Problem details: Which lines below contain the word "Design"? Copy each one.

Dataset excerpts:
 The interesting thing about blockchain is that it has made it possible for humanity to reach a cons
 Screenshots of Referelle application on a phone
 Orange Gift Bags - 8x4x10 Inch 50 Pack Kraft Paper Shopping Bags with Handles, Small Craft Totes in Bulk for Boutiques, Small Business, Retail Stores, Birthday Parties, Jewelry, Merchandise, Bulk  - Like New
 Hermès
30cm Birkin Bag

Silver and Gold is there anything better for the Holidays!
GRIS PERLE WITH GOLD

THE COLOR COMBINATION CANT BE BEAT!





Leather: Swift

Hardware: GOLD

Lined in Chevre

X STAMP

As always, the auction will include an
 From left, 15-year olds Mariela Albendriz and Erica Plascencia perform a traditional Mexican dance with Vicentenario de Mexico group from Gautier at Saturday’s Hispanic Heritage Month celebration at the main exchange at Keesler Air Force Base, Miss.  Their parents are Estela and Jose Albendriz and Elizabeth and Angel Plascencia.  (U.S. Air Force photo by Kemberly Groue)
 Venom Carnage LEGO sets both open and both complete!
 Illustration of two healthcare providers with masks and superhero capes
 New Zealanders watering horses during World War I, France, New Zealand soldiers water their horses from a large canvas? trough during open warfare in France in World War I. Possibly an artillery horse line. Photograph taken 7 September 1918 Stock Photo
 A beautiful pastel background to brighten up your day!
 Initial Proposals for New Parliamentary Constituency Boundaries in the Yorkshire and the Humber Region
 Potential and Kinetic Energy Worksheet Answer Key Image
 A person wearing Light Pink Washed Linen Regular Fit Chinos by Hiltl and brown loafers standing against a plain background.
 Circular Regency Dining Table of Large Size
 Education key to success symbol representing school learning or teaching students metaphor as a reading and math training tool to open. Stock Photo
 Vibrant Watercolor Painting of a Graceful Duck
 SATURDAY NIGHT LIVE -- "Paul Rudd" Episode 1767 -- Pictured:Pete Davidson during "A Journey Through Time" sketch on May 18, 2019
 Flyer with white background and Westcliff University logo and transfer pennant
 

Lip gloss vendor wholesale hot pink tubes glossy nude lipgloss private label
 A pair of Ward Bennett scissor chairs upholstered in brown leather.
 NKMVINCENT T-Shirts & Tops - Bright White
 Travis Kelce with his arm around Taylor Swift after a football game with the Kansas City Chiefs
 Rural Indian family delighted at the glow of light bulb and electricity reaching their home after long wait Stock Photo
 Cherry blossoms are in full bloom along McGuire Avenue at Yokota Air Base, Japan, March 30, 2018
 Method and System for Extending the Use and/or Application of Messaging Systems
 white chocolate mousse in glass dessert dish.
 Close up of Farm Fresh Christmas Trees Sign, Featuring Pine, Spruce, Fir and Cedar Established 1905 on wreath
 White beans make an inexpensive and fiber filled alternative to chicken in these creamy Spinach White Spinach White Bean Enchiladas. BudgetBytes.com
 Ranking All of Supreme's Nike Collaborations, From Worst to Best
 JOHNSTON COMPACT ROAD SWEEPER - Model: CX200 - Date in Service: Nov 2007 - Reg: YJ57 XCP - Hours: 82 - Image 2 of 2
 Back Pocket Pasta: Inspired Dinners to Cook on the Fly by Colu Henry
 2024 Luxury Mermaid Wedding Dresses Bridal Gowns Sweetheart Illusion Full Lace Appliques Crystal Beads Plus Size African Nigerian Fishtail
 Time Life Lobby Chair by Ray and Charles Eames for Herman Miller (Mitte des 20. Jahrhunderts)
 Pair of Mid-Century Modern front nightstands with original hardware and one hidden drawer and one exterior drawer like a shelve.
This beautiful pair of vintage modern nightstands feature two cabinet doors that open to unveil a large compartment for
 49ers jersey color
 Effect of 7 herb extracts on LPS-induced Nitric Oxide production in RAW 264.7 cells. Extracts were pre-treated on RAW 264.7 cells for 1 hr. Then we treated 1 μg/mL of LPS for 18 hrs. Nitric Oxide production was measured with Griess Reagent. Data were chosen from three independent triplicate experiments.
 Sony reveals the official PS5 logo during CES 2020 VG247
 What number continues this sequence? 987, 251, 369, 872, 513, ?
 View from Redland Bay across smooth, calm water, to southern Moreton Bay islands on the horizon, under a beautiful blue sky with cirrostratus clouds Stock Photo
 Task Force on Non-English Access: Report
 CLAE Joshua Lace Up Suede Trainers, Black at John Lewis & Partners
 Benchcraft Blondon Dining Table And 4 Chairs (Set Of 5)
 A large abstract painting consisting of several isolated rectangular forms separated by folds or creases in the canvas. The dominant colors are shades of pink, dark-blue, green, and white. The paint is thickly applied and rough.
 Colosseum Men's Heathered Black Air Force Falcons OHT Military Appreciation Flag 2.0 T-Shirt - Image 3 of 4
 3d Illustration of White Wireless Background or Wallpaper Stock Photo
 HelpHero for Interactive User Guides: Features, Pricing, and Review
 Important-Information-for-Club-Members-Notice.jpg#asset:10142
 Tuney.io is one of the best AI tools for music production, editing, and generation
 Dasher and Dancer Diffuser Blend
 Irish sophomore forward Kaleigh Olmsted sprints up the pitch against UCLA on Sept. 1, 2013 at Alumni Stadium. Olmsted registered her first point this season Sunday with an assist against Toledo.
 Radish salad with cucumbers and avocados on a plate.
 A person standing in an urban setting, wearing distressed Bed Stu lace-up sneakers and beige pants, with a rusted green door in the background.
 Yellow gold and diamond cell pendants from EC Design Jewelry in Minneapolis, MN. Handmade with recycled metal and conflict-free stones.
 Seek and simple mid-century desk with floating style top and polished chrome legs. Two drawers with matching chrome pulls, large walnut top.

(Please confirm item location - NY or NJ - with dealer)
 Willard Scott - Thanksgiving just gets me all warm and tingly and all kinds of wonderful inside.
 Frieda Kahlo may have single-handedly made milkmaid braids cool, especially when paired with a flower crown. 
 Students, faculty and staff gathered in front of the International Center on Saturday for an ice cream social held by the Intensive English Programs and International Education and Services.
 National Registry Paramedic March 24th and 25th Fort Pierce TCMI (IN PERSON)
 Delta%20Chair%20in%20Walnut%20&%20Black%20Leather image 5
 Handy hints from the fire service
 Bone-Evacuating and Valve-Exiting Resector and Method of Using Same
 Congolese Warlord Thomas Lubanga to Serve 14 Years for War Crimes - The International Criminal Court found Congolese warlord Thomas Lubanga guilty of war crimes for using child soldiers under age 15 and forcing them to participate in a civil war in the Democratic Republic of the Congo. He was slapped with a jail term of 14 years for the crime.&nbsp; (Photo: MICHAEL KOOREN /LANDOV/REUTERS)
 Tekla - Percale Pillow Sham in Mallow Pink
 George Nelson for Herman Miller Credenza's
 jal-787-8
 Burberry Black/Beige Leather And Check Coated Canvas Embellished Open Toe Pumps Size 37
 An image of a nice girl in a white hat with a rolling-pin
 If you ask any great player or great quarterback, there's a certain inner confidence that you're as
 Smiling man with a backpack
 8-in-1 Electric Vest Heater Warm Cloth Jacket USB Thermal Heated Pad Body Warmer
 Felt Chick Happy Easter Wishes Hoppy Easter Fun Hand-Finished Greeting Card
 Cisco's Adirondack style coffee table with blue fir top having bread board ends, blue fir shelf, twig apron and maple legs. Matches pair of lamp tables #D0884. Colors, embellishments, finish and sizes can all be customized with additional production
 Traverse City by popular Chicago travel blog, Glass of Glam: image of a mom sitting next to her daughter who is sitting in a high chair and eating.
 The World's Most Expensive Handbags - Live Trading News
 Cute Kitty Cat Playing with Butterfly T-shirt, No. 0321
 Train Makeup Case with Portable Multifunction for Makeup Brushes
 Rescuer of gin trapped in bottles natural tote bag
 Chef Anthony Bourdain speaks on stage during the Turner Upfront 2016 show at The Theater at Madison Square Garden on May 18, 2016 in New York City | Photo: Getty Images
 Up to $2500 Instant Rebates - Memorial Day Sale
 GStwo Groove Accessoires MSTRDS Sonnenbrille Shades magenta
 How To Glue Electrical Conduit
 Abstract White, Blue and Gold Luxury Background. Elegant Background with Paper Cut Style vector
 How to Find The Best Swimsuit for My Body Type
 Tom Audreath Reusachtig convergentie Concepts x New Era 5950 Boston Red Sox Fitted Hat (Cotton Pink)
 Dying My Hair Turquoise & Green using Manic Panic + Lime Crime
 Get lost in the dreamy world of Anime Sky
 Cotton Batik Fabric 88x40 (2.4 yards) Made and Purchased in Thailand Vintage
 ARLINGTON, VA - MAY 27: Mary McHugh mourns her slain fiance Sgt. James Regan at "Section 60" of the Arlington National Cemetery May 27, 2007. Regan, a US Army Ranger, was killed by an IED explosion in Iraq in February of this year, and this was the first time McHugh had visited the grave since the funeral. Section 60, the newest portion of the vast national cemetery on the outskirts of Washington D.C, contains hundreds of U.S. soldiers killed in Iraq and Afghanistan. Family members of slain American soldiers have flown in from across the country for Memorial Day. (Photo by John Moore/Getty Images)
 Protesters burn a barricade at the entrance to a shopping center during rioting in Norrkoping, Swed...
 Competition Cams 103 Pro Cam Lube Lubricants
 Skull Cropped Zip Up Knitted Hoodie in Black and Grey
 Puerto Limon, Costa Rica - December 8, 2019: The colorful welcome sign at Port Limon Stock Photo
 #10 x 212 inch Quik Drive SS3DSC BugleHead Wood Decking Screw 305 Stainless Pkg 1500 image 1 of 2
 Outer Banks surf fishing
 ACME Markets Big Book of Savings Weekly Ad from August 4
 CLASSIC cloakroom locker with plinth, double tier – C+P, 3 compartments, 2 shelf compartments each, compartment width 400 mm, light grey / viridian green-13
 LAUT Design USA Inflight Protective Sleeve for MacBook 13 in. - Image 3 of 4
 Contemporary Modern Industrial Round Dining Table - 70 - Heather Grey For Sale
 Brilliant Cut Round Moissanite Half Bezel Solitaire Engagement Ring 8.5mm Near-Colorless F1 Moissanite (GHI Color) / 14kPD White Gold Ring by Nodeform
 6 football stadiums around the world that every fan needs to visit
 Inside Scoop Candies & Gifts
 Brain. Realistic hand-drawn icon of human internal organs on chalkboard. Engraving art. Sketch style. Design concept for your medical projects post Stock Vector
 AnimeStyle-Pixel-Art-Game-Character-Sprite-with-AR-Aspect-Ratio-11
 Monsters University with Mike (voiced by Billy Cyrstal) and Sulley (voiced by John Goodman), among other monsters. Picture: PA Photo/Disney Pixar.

Result of the task:
 Yellow gold and diamond cell pendants from EC Design Jewelry in Minneapolis, MN. Handmade with recycled metal and conflict-free stones.
 LAUT Design USA Inflight Protective Sleeve for MacBook 13 in. - Image 3 of 4
 Brain. Realistic hand-drawn icon of human internal organs on chalkboard. Engraving art. Sketch style. Design concept for your medical projects post Stock Vector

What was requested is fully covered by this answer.